Comment 6 Fedora End Of Life 2017-11-16 18:31:11 UTC
This message is a reminder that Fedora 25 is nearing its end of life.
Approximately 4 (four) weeks from now Fedora will stop maintaining
and issuing updates for Fedora 25. It is Fedora's policy to close all
bug reports from releases that are no longer maintained. At that time
this bug will be closed as EOL if it remains open with a Fedora  'version'
of '25'.

Package Maintainer: If you wish for this bug to remain open because you
plan to fix it in a currently maintained version, simply change the 'version'
to a later Fedora version.

Thank you for reporting this issue and we are sorry that we were not
able to fix it before Fedora 25 is end of life. If you would still like
to see this bug fixed and are able to reproduce it against a later version
of Fedora, you are encouraged  change the 'version' to a later Fedora
version prior this bug is closed as described in the policy above.

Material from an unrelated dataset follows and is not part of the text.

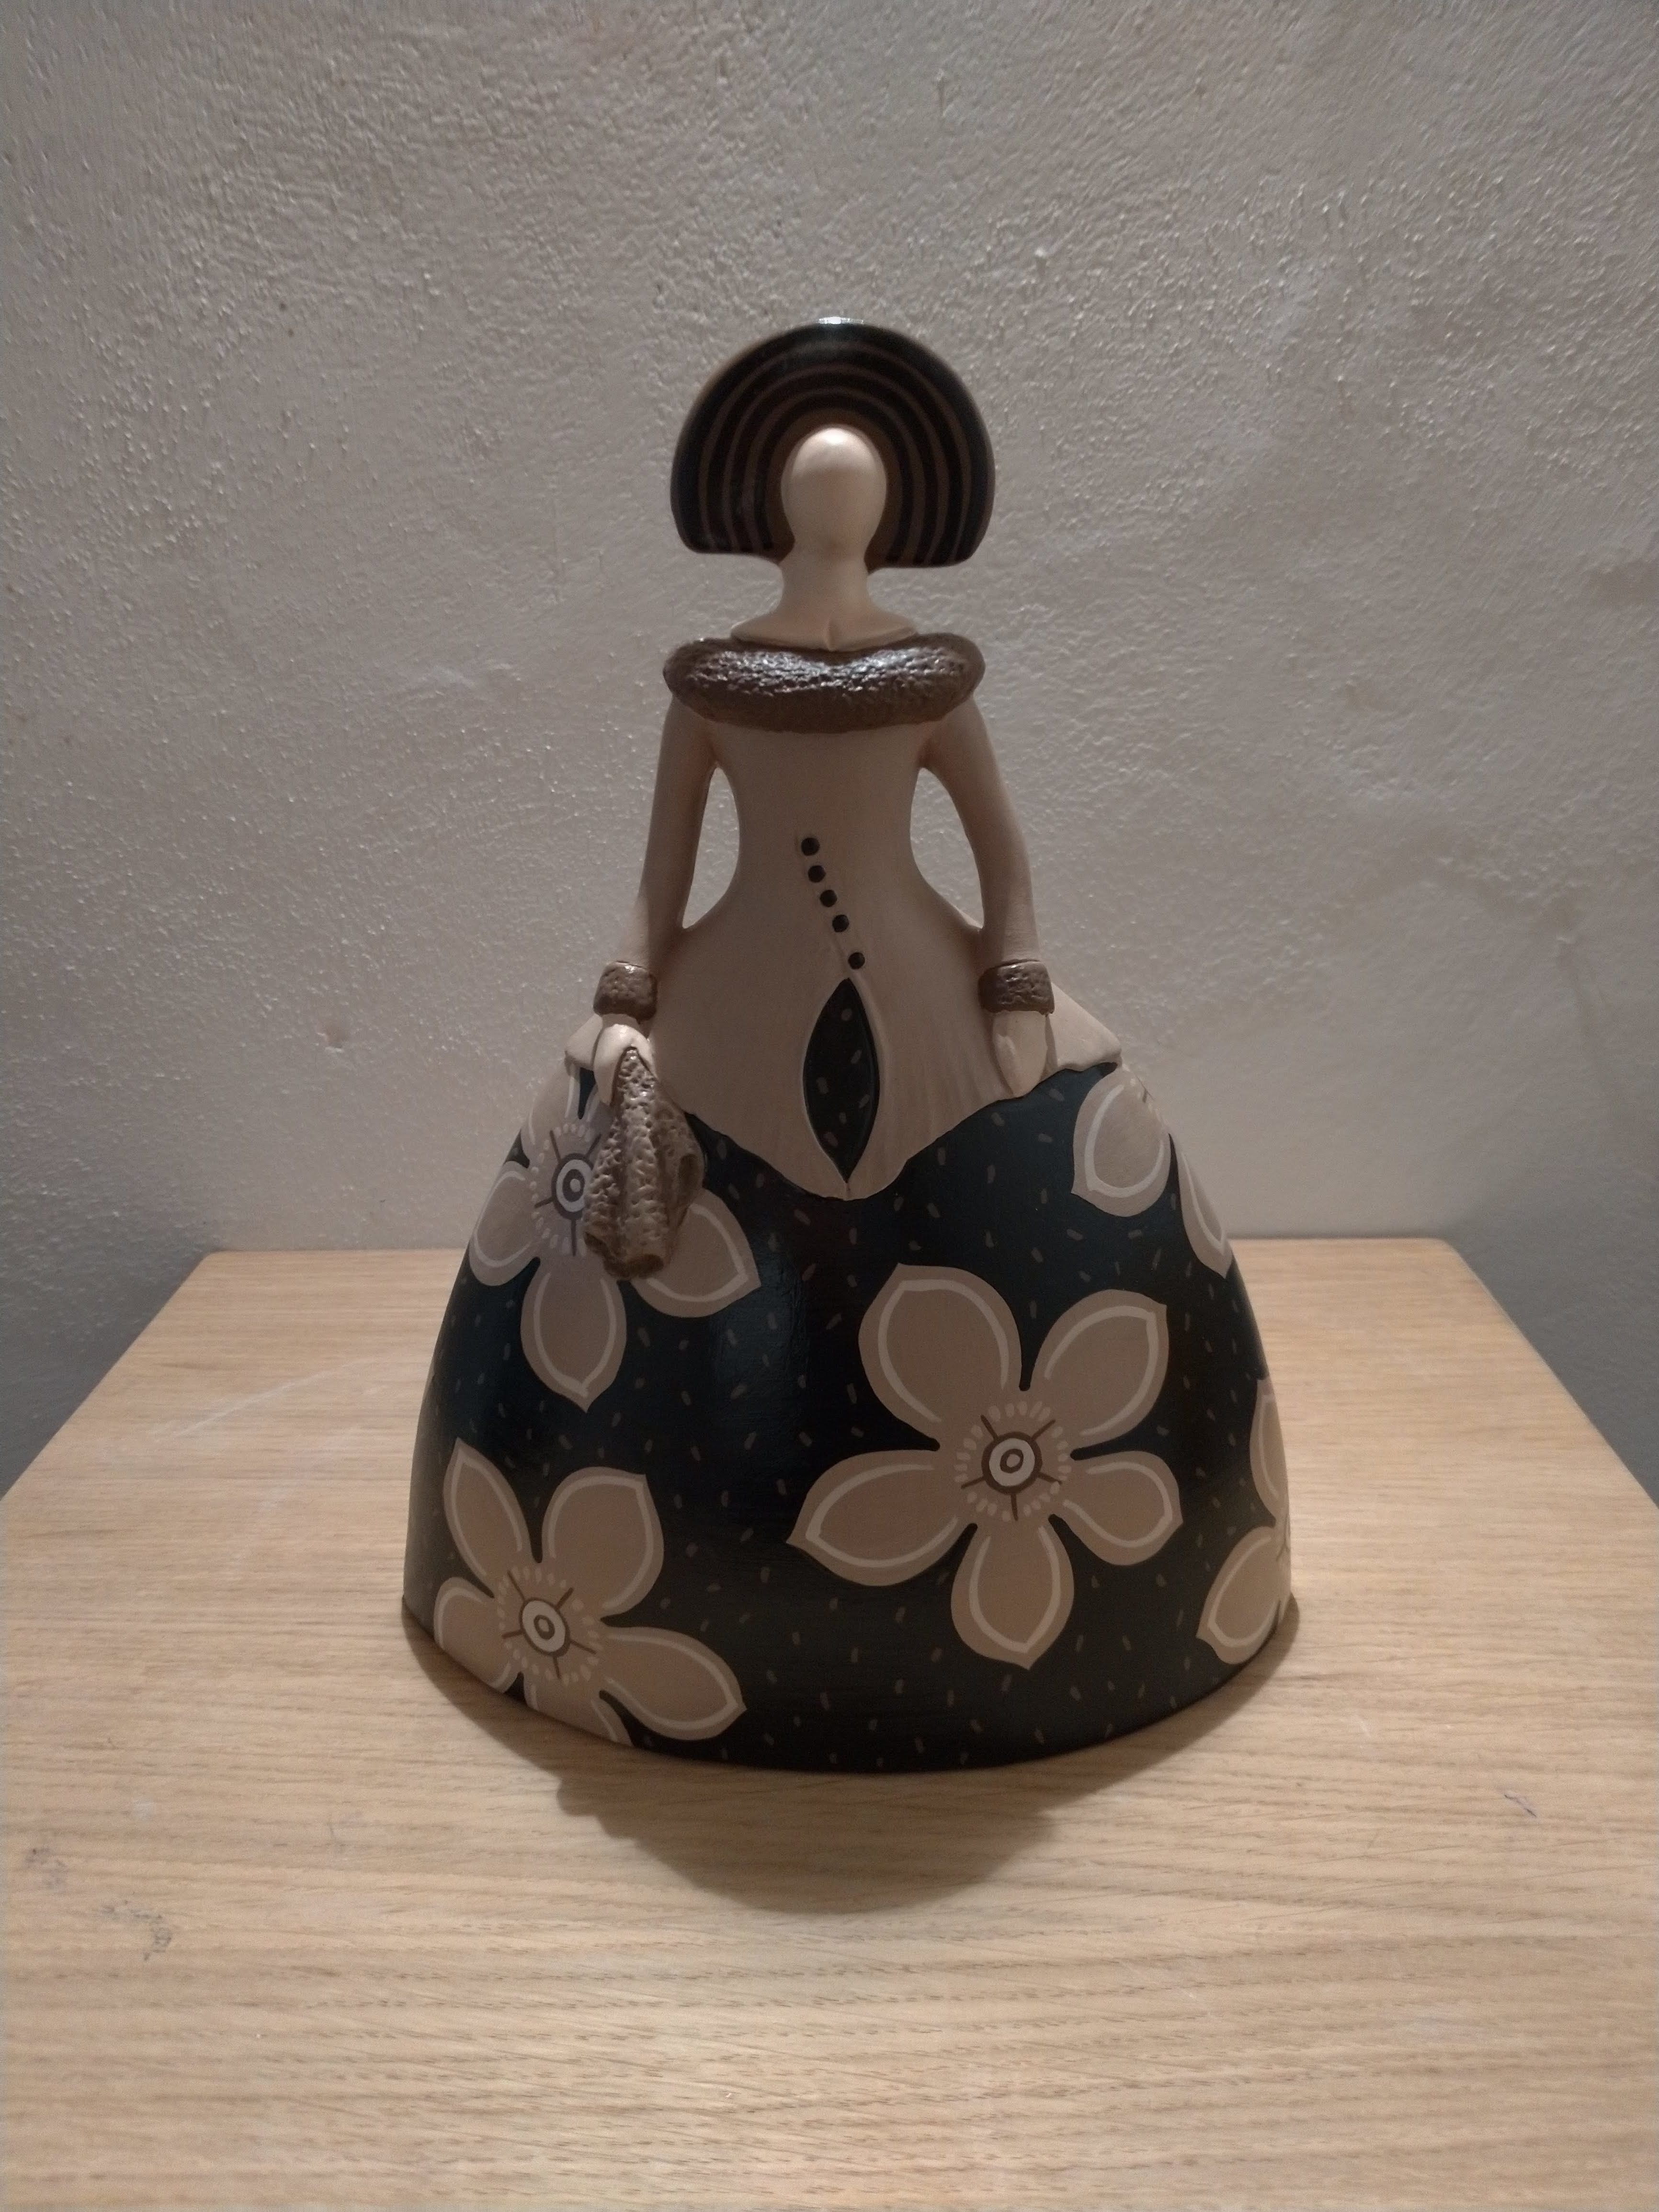 Dama moderna in ceramica / Modern ceramic figurine

Although we aim to fix as many bugs as possible during every release's
lifetime, sometimes those efforts are overtaken by events. Often a
more recent Fedora release includes newer upstream software that fixes
bugs or makes them obsolete.

Comment 7 Fedora End Of Life 2018-02-20 15:28:18 UTC
This bug appears to have been reported against 'rawhide' during the Fedora 28 development cycle.
Changing version to '28'.

Comment 8 Nathan Scott 2019-03-05 03:33:34 UTC
Closing as per Ken's notes in #c3 - "Given the archive, the results are as expected."